RECORDS FOR THIS EXERCISE>
+---+
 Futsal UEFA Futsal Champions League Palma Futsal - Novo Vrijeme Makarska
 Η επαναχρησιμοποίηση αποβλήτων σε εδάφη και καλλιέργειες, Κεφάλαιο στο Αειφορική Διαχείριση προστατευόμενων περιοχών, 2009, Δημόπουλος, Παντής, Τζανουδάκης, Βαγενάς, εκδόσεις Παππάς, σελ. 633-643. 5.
+---+
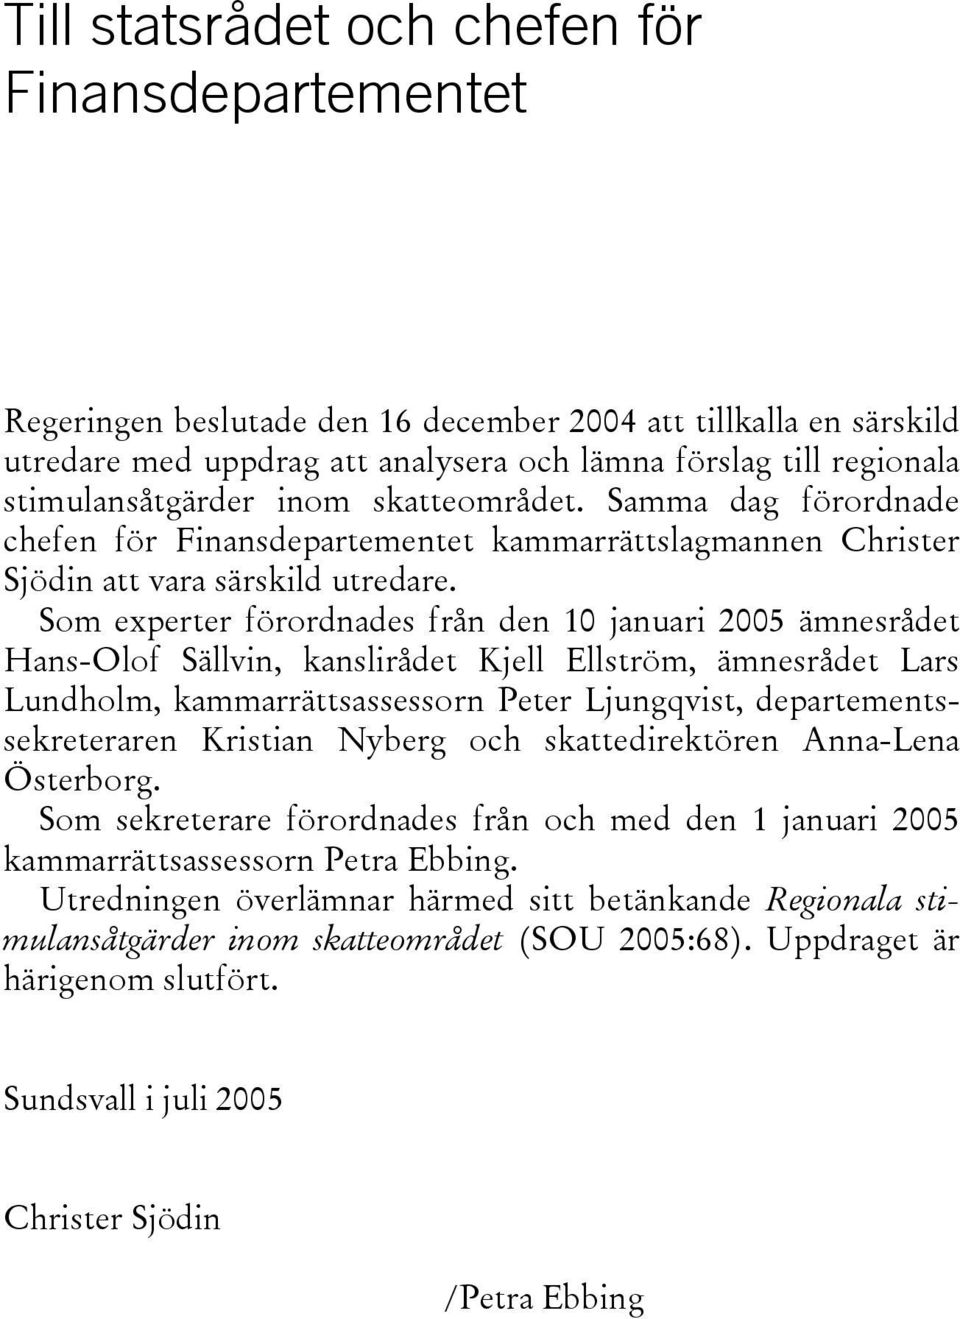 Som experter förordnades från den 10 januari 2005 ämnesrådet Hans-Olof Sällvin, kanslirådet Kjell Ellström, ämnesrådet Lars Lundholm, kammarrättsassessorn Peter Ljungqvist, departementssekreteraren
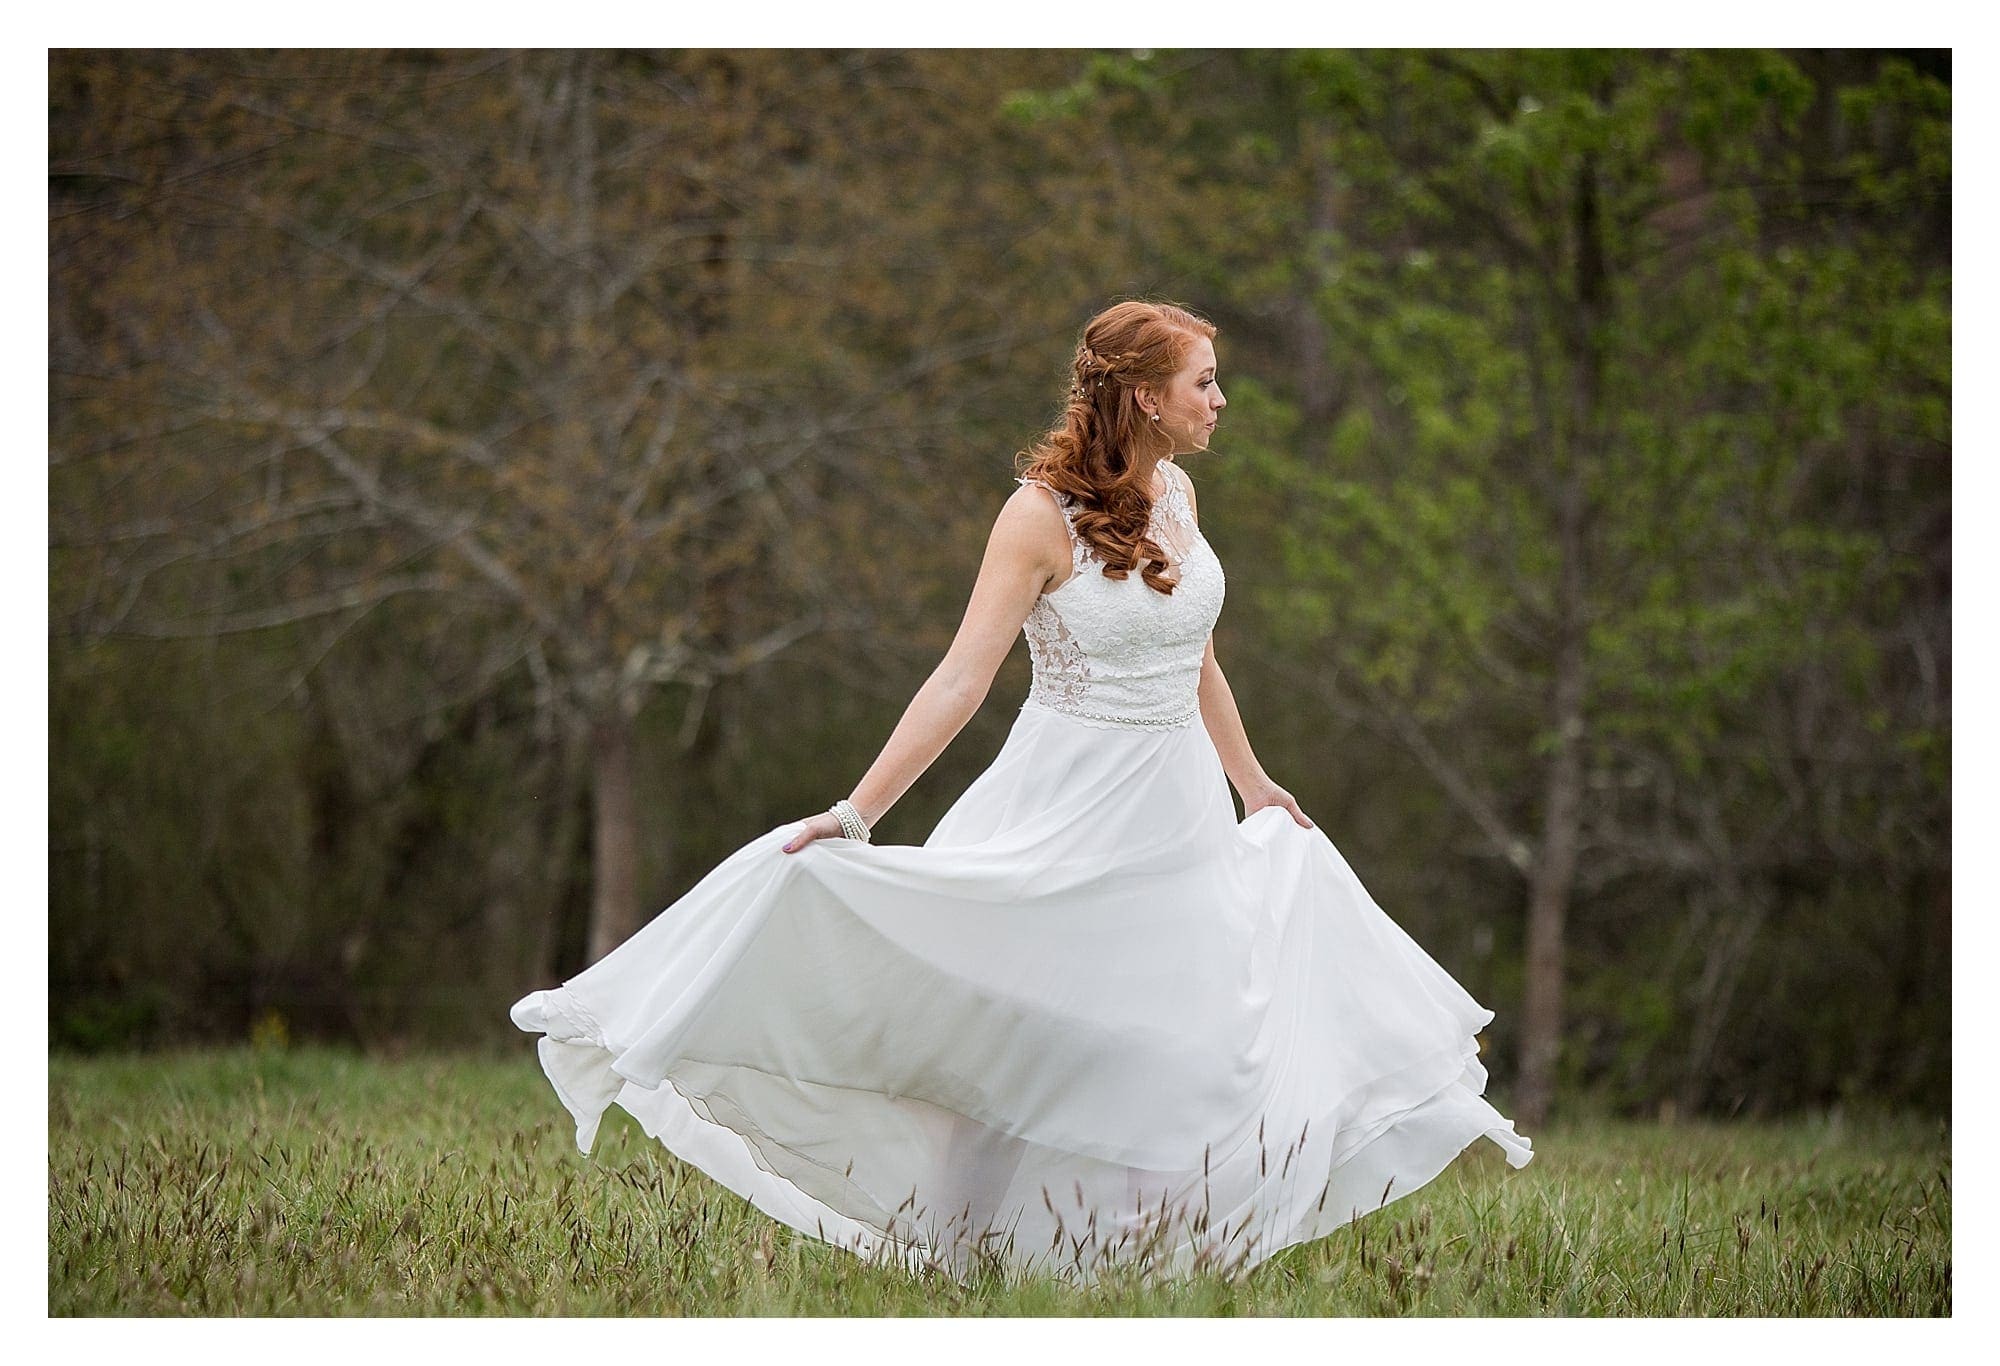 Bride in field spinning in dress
+---+
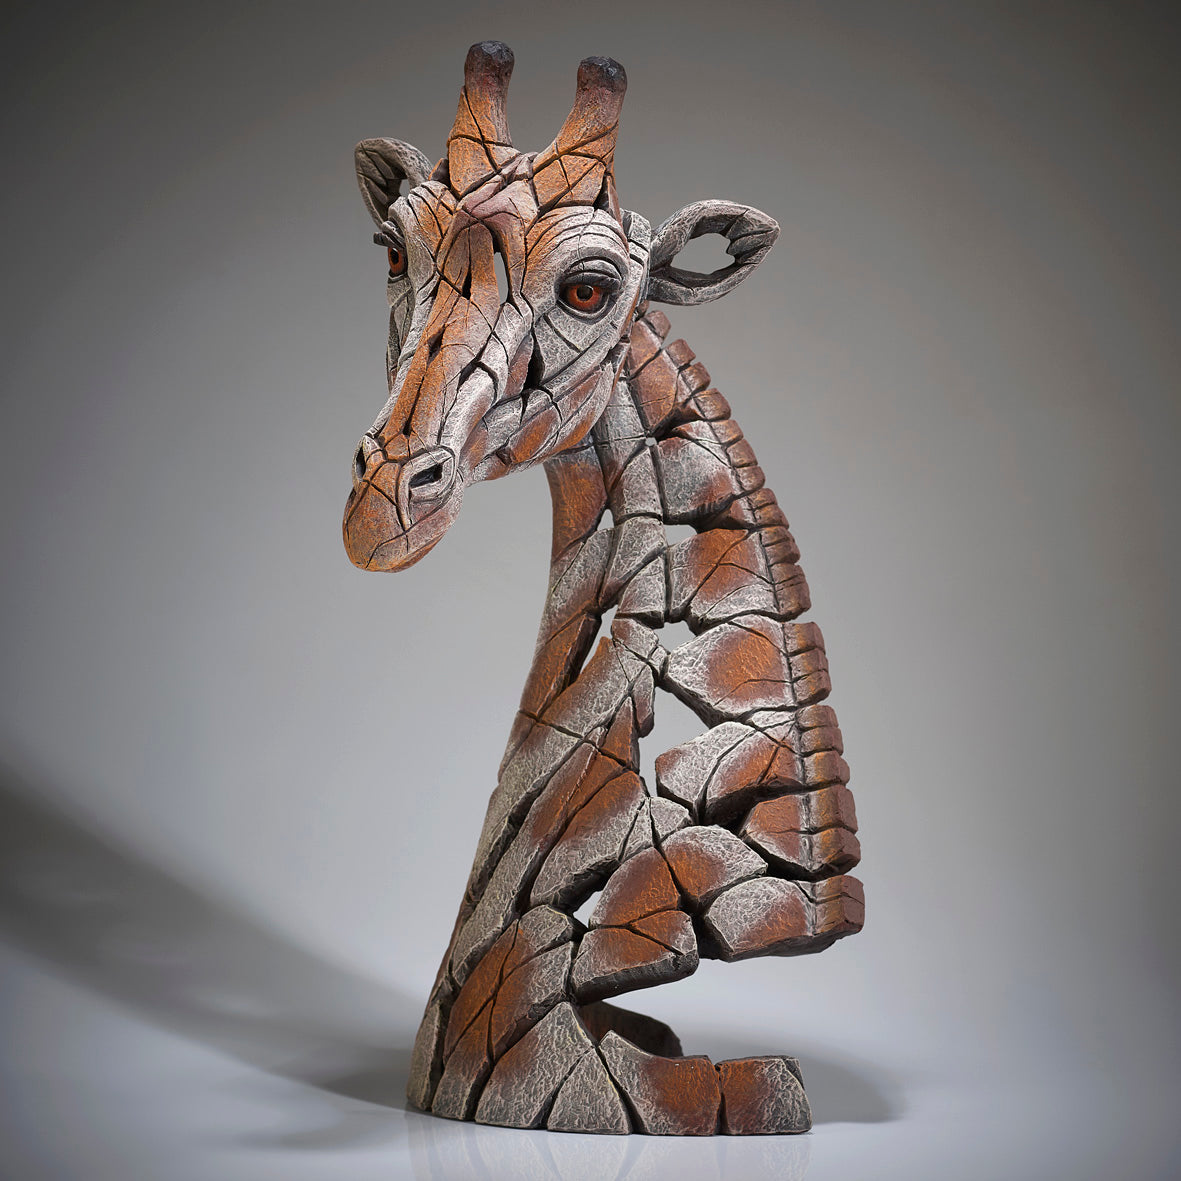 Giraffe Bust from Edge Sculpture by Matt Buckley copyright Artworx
+---+
REQUIRED ACTION>
Set down precisely the lines above between the line holding "Futsal UEFA Futsal" and the line holding "Η επαναχρησιμοποίηση αποβλήτων", inclusive, and nothing beyond them.

RESULT OF THE TASK>
 Futsal UEFA Futsal Champions League Palma Futsal - Novo Vrijeme Makarska
 Η επαναχρησιμοποίηση αποβλήτων σε εδάφη και καλλιέργειες, Κεφάλαιο στο Αειφορική Διαχείριση προστατευόμενων περιοχών, 2009, Δημόπουλος, Παντής, Τζανουδάκης, Βαγενάς, εκδόσεις Παππάς, σελ. 633-643. 5.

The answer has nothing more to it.